Culture and Convenience
06 Oct 2009
McDonald’s fast food chain is set to open a restaurant and McCafe in the Louvre museum next month, causing great protest among the staff and Parisian community.
While there are already 1141 McDonald’s outlets across France, the authorities have not always granted permission to the fast food giant and in 1993 refused a new outlet under the Eiffel Tower. The Louvre’s McDonalds will be situated next to a new planned ticketing area in the underground shopping plaza, making it highly visible to the museums’s 8 million annual visitors.
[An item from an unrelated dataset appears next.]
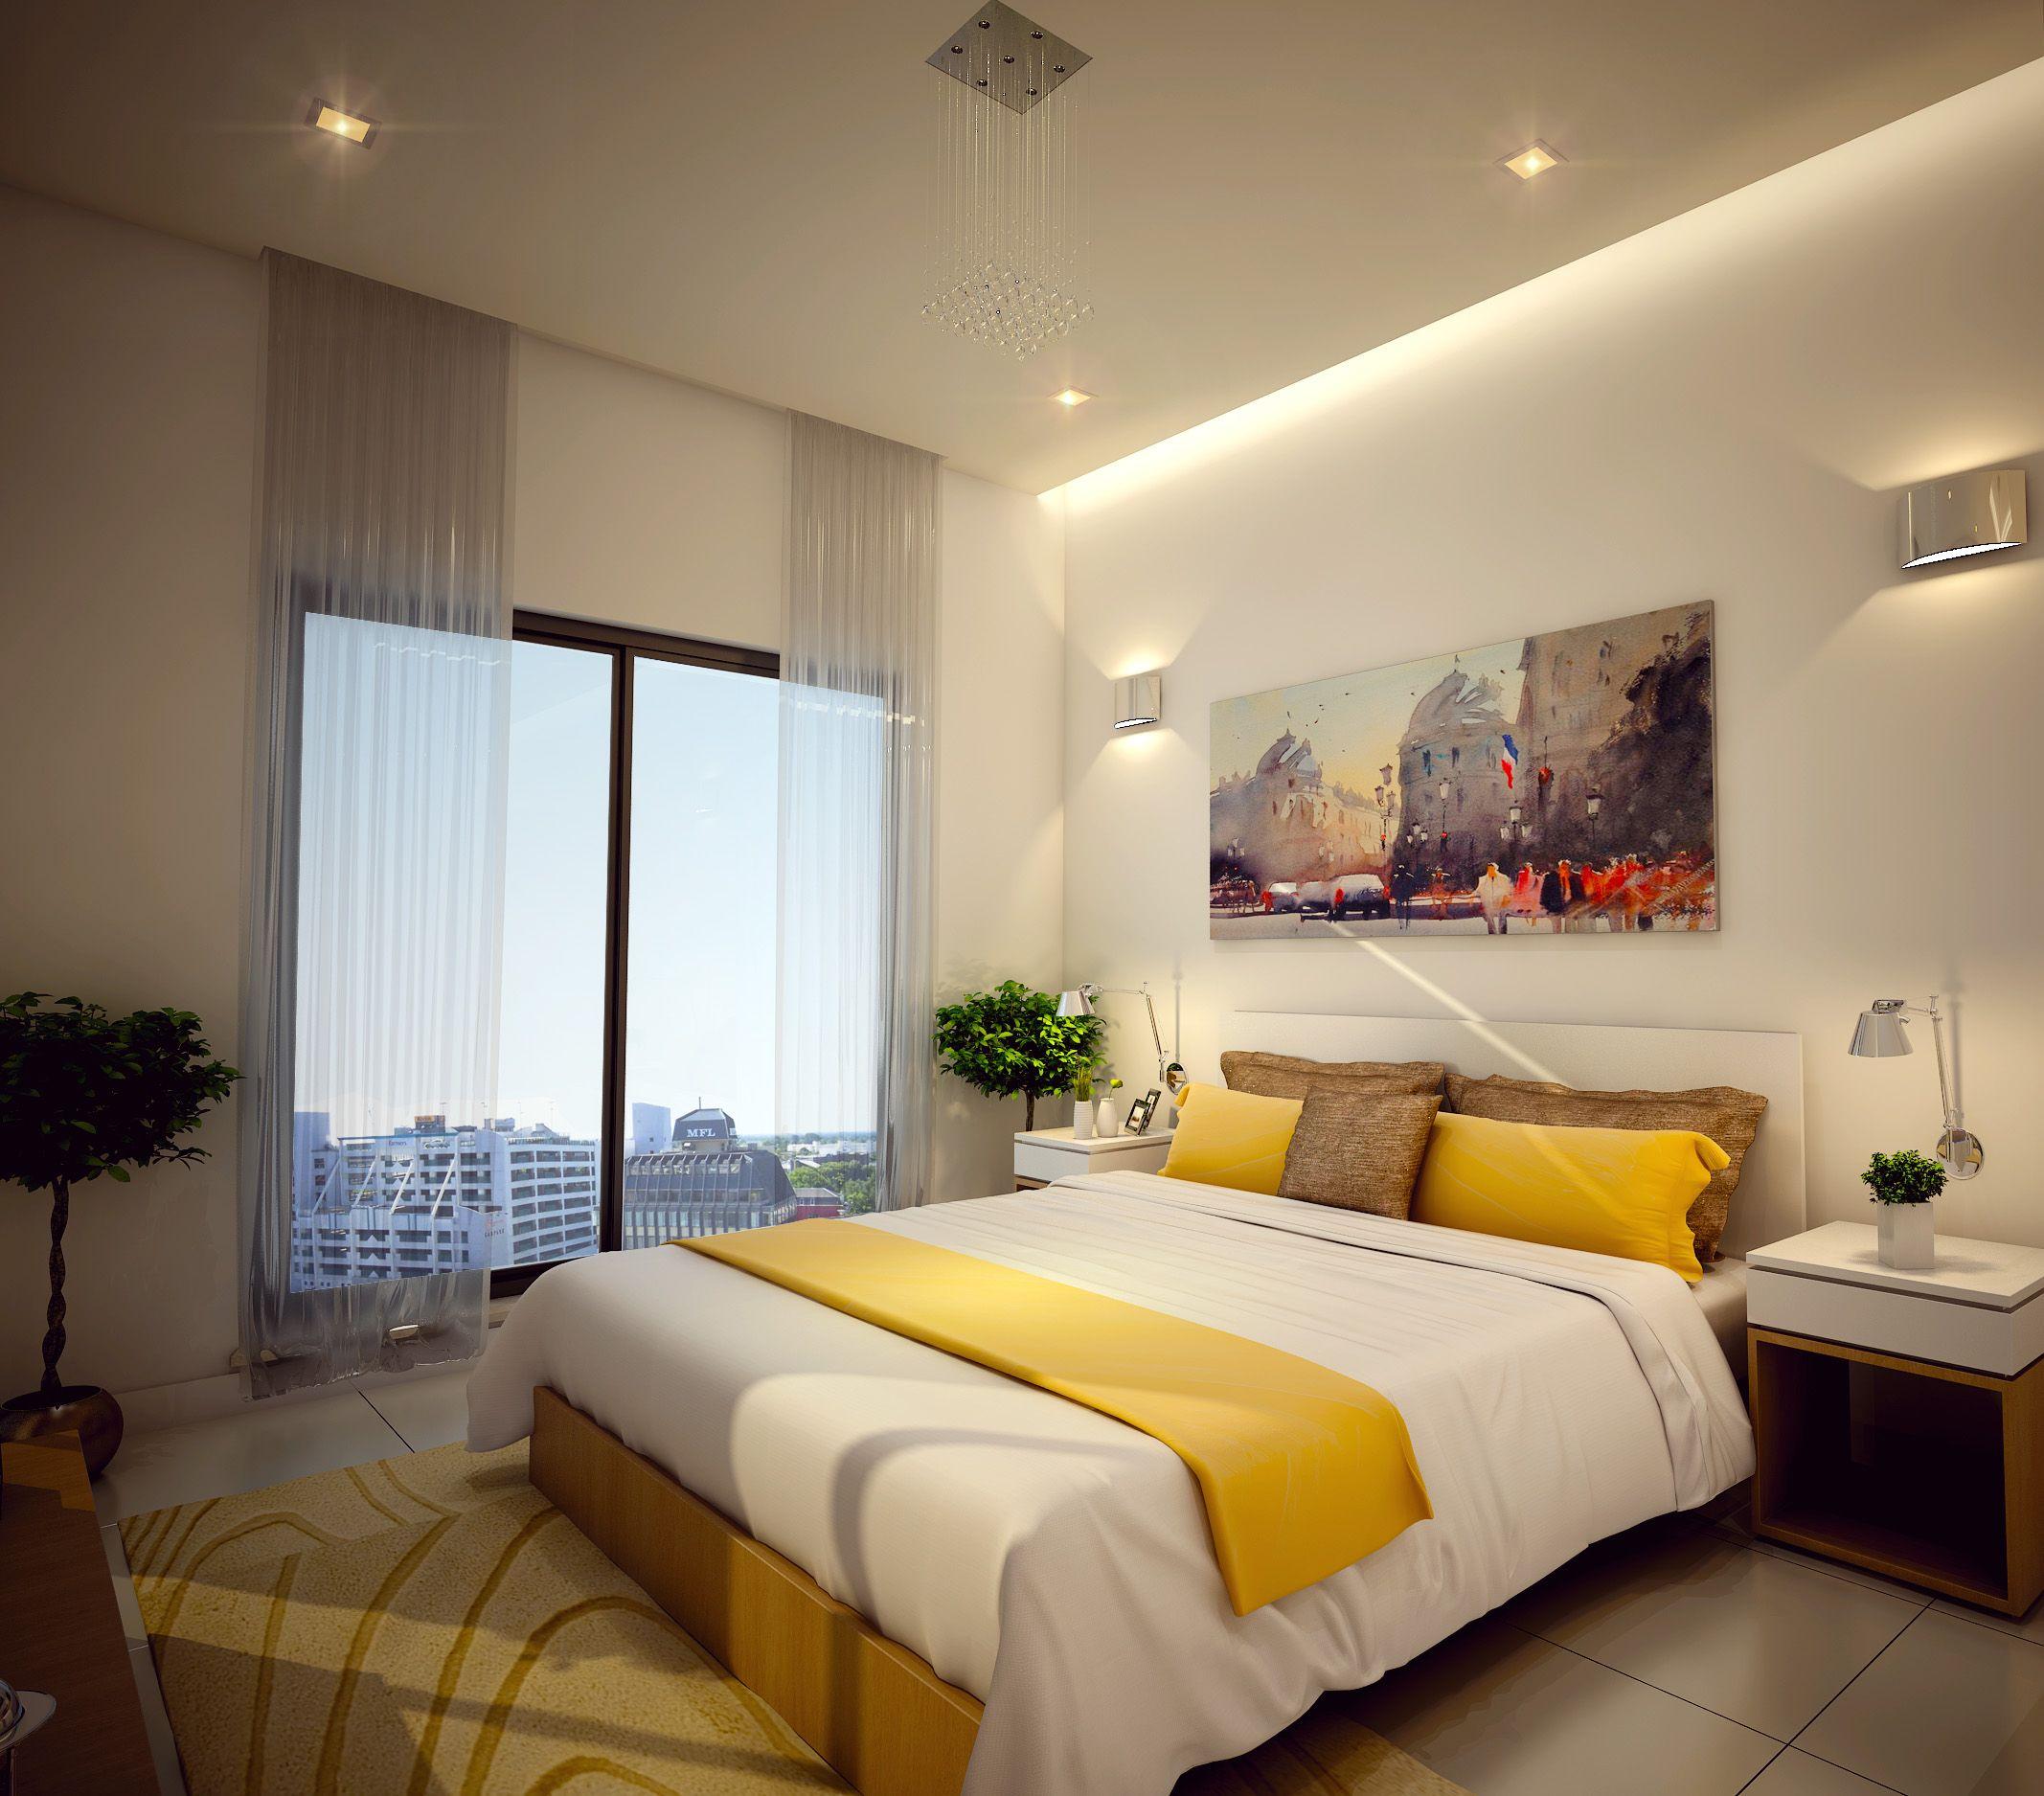 One Bedroom Luxury Apartment at 64L One Bedroom Luxury
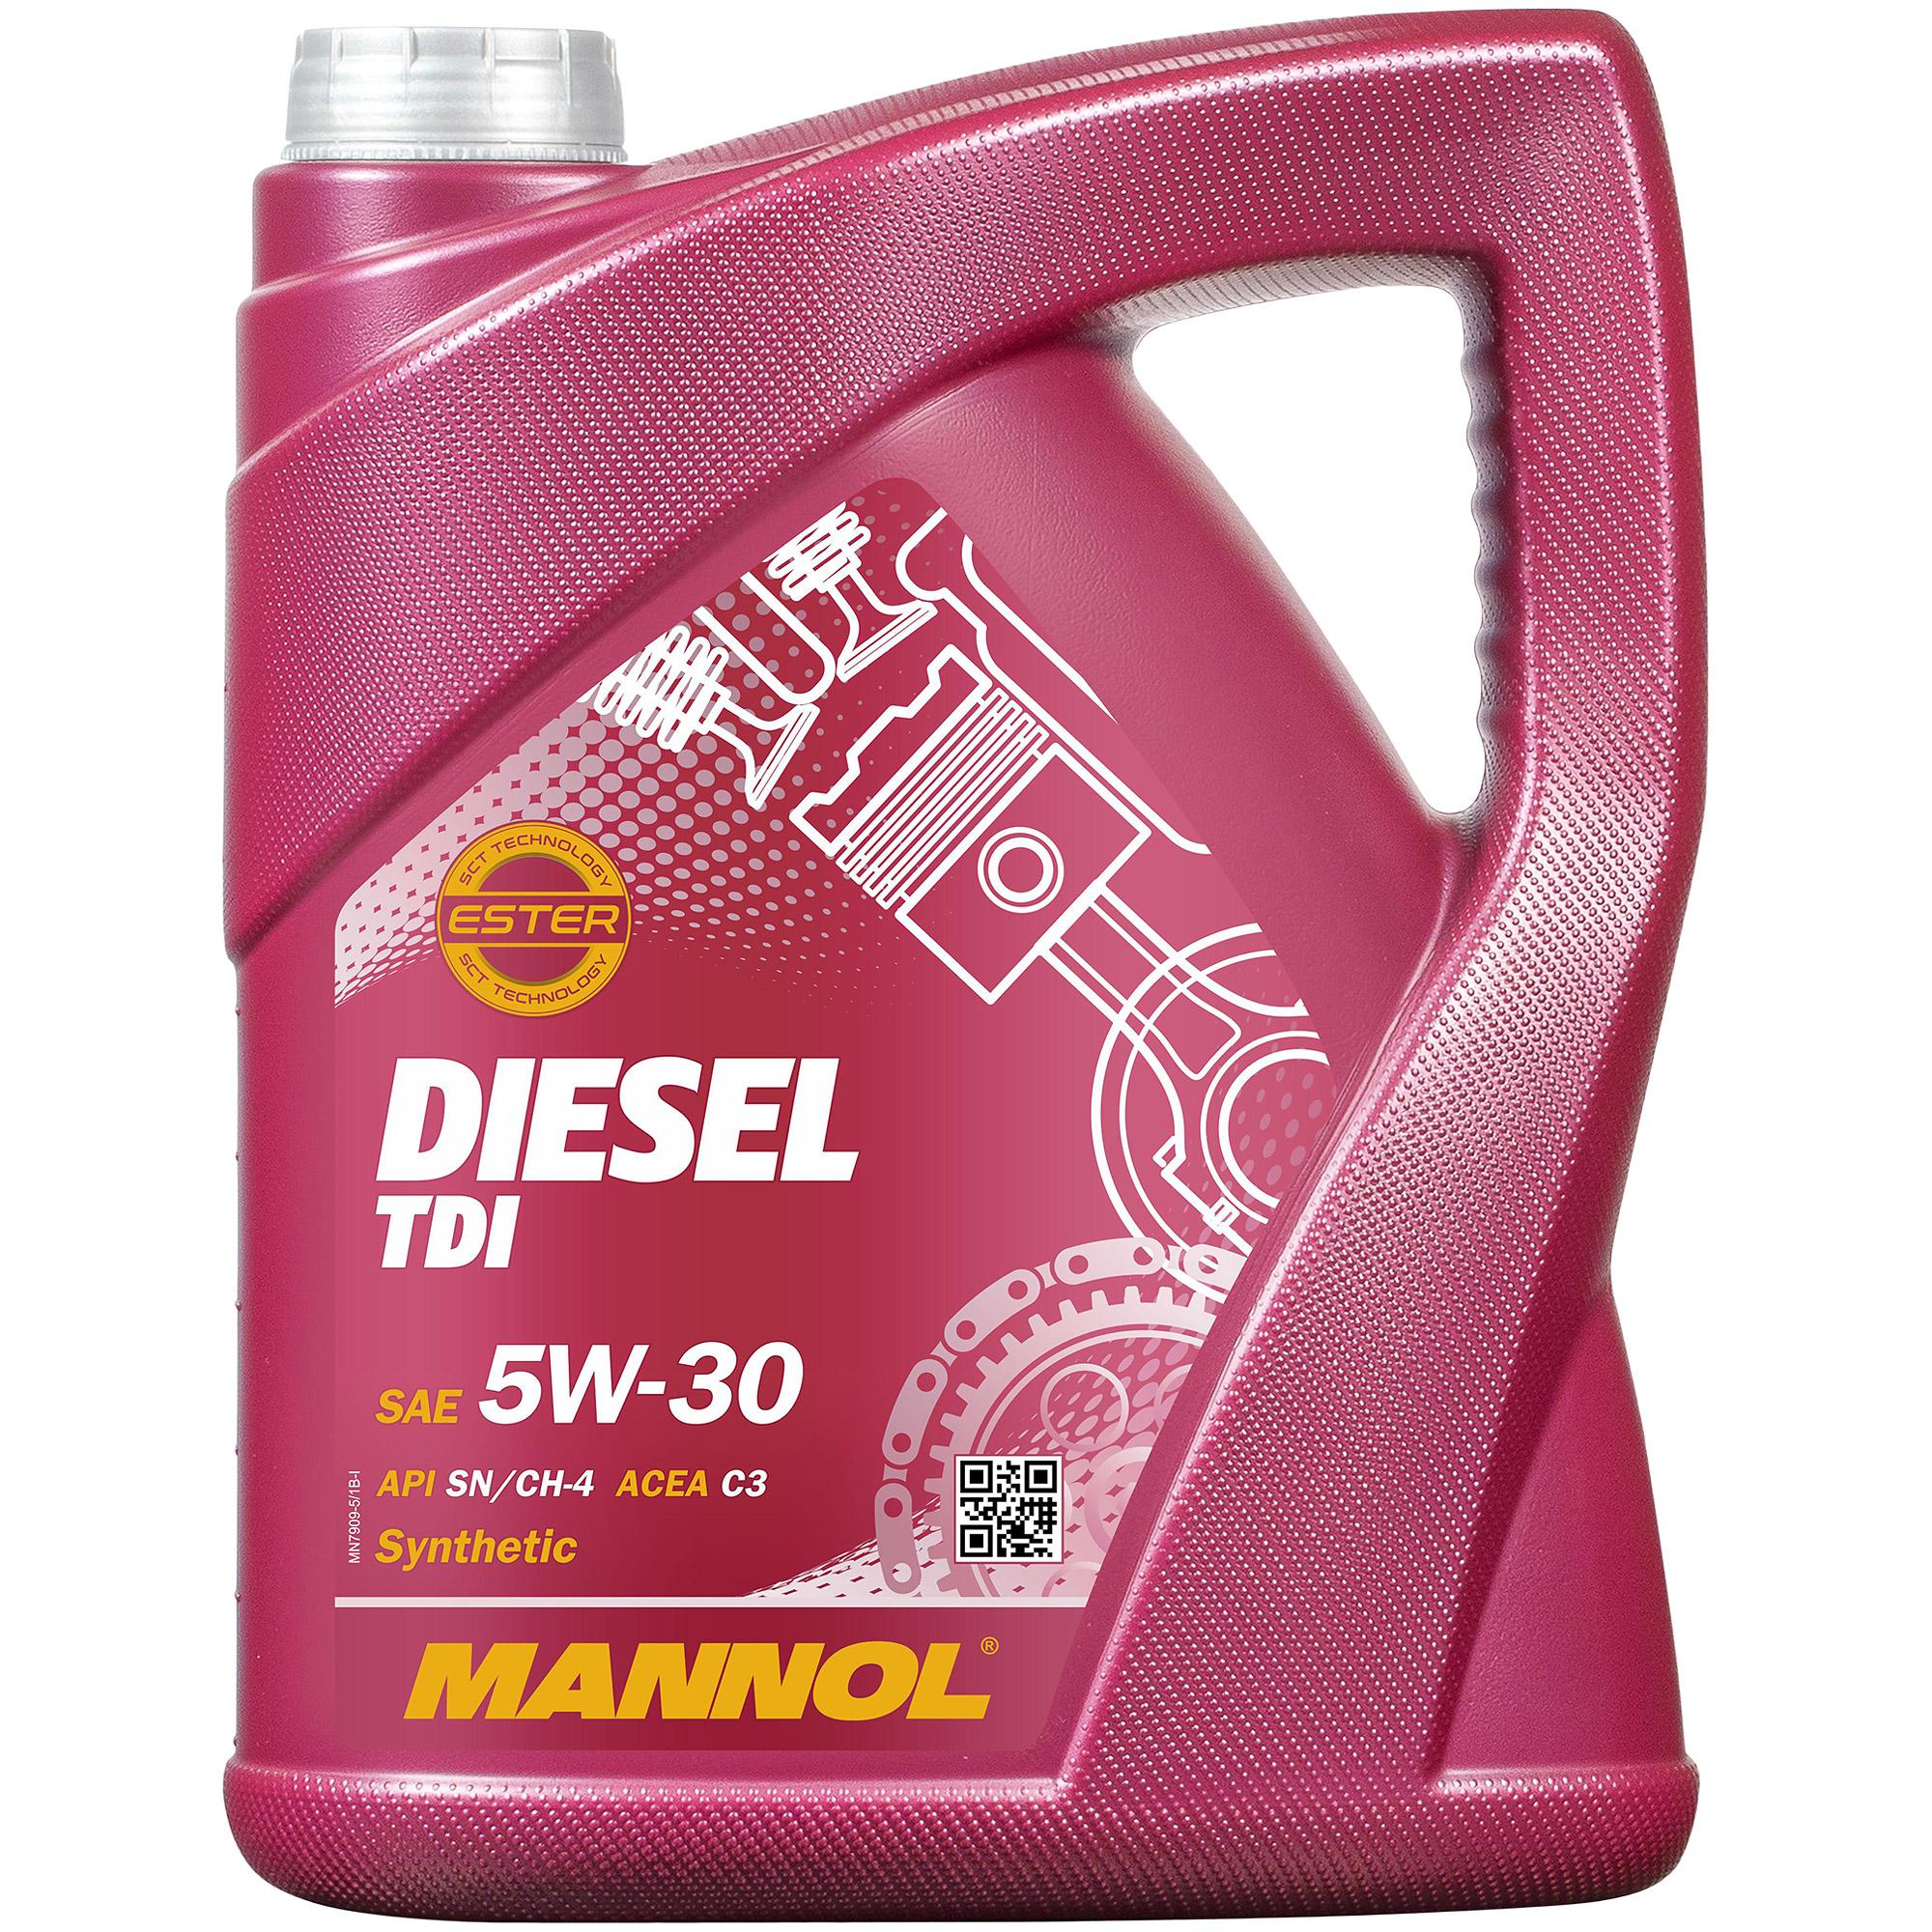 5l-aceite-del-motor-MANNOL-5w-40-10w-40-15w-40-5w-30-motorspulung-motor-flush-limpiador miniatura 16

Many museum staff are already unhappy that the Louvre is lending its name and works to a multimillion-dollar project in the Arabian emirate of Abu Dhabi, and are criticizing the proposal. ”This is the last straw,” said one art historian at the Louvre. ”This is the pinnacle of exhausting consumerism, deficient gastronomy and very unpleasant odors in the context of a museum.”
A similar protest was unleashed last year when the American coffee chain Starbucks opened a cafe close to the museum’s entrance. Employees and art lovers sent a protest petition to the managers. The cafe opened regardless but was asked to provide a cultural corner.
The opening of this outlet comes a time of great success for McDonalds in France, now the largest market outside the US. This is thanks in part to the government’s decision to tax McDonald’s as a take-away – even though most customers eat in – which means a levy of just 5.5 per cent instead of the nearly 20 per cent charged at restaurants. While business for brasseries and bistros is falling rapidly, McDonalds opened 30 outlets last year in France and welcomed 450 million customers.